Manjaro quit working today, but it is Friday. Did I deploy my tried and true embedded systems root cause analysis skills? Hell no! It’s Friday and it was working before I turned it off to connect it to a KVM. All I was doing was bringing one other machine back on-line because that client had more work for me. I dutifully powered off the 6-core AMD and cabled everything up through the dual monitor KVM.
Turned this system on. Nothing (&)(*&0ing worked. Well, the fans started, drive light flashed, nothing on the screen though. Swapped cables, slammed head, still not “working.” It had been direct connected to these two monitors before and was working perfectly until I turned it off!
A Tiny Bit of Root Cause Analysis Crept in
Okay, try turning on the Dell the client sent me that has been sitting on a shelf for months. That thing takes forever to boot, but it seemed like nothing was actually working. Fiddled with the connections, one monitor showed the BIOS screen and the initial Windows boot logo before blackness. Progress!
A bit more connection fiddling had that machine displaying on both monitors. It also showed me Windows had helpfully started downloading a zillion GB of Windows updates which was making the machine run like a lawnmower pulling an 8-bottom plow.
You don’t have to know anything about farming to understand that statement now that I’ve shown you an 8-bottom plow. Your favorite badass zero turn ain’t got a prayer of breaking sod with that. That’s how an even great Windows machine runs when you turn it on, connected to the Internet, after months of being turned off. Every (&)(*&)ing package installed on the machine checks for updates and pulls them down.
What do we know?
We know that Rollie shouldn’t be working on shit like this on a Friday. We also know that everything from the KVM to the monitor works. I rebooted many times. Changed cables. I even put in a different video card. The hard drive light would flash a bit, but nothing on either display.
I’ve written about Manjaro on this blog before. It’s quickly becoming my favorite distro. If I didn’t have some development things that needed to use Ubuntu (or at least a YABU) I would have jumped ship to Manjaro as my primary desktop. I had it configured to look really nice on that machine. It was really snappy too, even with BOINC running in background.
The BOINC Rack
I’ve written about the BOINC Rack many times before as well. I have a bench with raised shelf under it where I put my “spare” machines. They run BOINC trying to help make the human species and our world better. It has an older PS/2-VGA single monitor KVM with an older small monitor. What’s important is that that combination works with everything.
Sure enough, I see the “cleaning” message Linux likes to give you when it wasn’t shut down just proper. Hard drive light goes spinning, after a few minutes goes quiet, then starts to intermittently blink.

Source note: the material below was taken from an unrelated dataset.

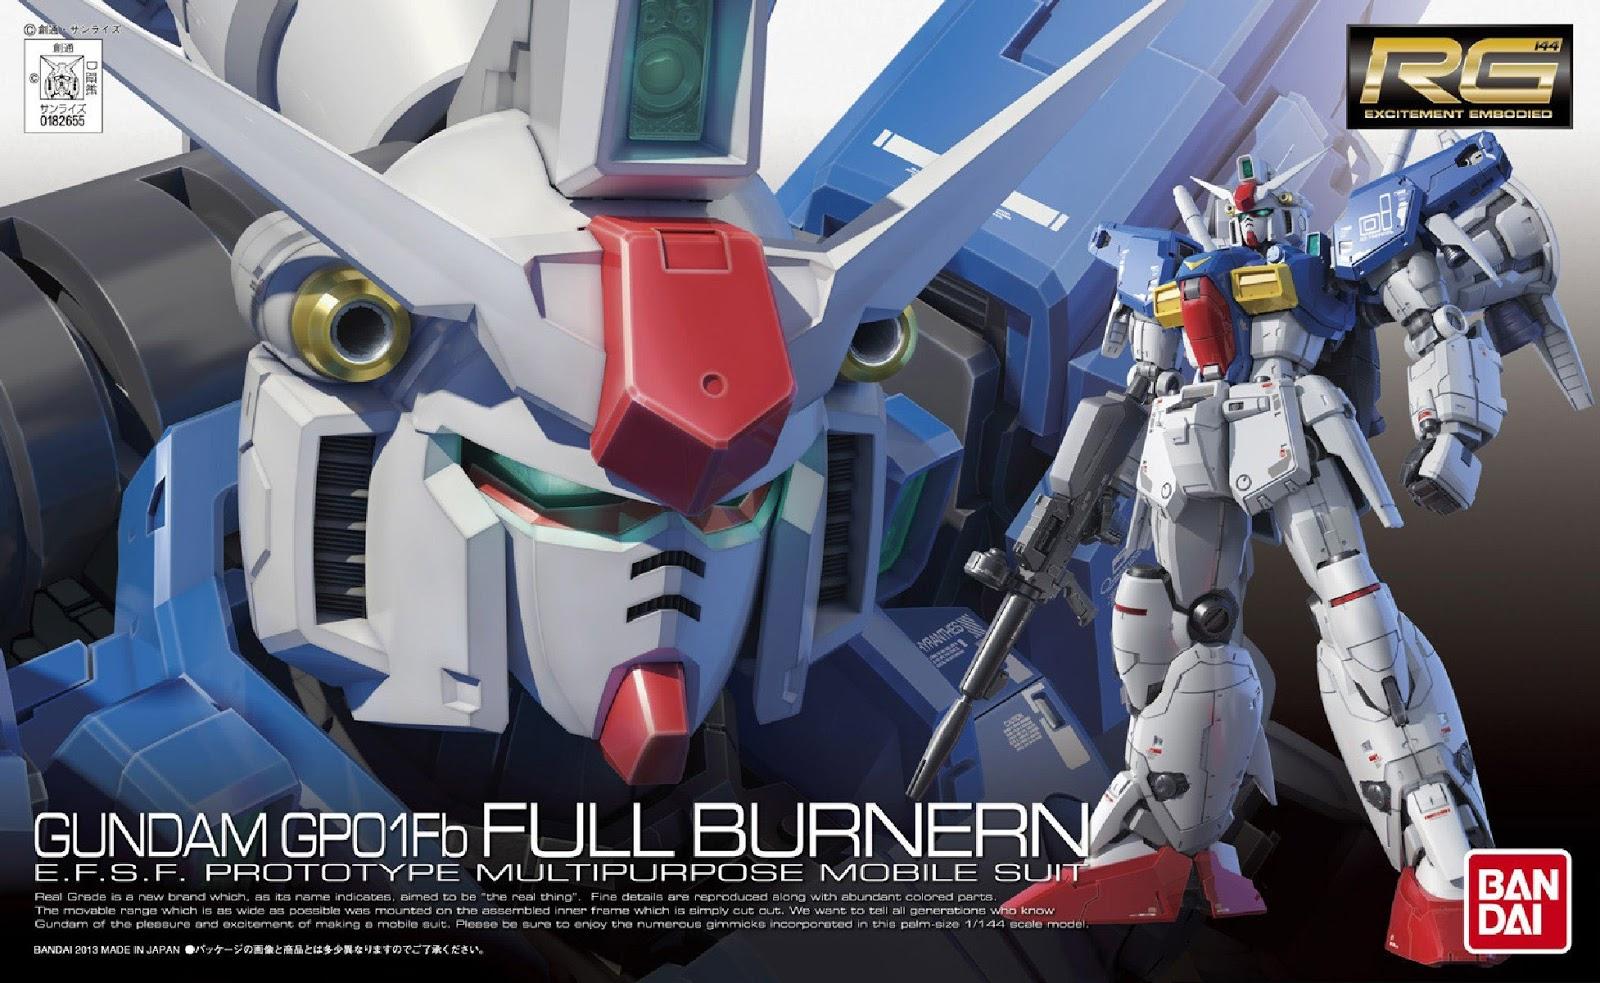 """RG 1/144 RX-78GP01Fb ガンダム試作1号機 ゼフィランサス フルバーニアン [Gundam """"Zephyranthes"""" Full Burnern]"""

Did I say to myself “Gee, that’s what it looks like when BOINC is running?” No! Did I think “Gee, I wonder if I can <Alt><Ctrl><F3> and log in via terminal?” No! I got out a GParted CD and checked the partition. Checked other things with SystemRescueCD. I even formatted the thing and restored from last weekend’s backup. Same Shit Different Day.
Your Kernel Killed You
That system had a GT218 [210] NVidia card. Actually both of the ones I was trying. I forget which third party made this one. The kernel finally got new enough that there is no longer a driver from NVidia to support the card. Did the kernel update back out the NVidia driver and leave me with a usable though CUDA-free system? No! It left the non-functioning driver in place and the video driver gets loaded early in the boot process so all I could ever see was the “cleaning” message.
Never Buy an AOC Monitor
Why did I see nothing with the other KVM and monitors? Well, one of those monitors is an AOC. Never buy an AOC. Never use an AOC with NVidia anything. I’ve never figured out why, but during boot, every NVidia card I have ever had seeks out the AOC to use as its primary for boot. Doesn’t matter what connector I hook it to. That and probably every other AOC monitor ever made has a “unique power saving feature:” they don’t display BIOS messages. They seem to wait for the video driver to get loaded and swat them to life.
Summary
Manjaro quit working because the new kernel took effect at boot. This kernel was incompatible with the NVidia driver and didn’t bother to sweep that up.
I have Mint LMDE 5 running on that box now and I bought a used Quadro 2000 (uses the still supported 390 driver) on eBay for just over $20. Manjaro may yet find its way back on the box because it is a much faster Linux distro. All of the Debian based stuff seems to run like half-set concrete pours these days.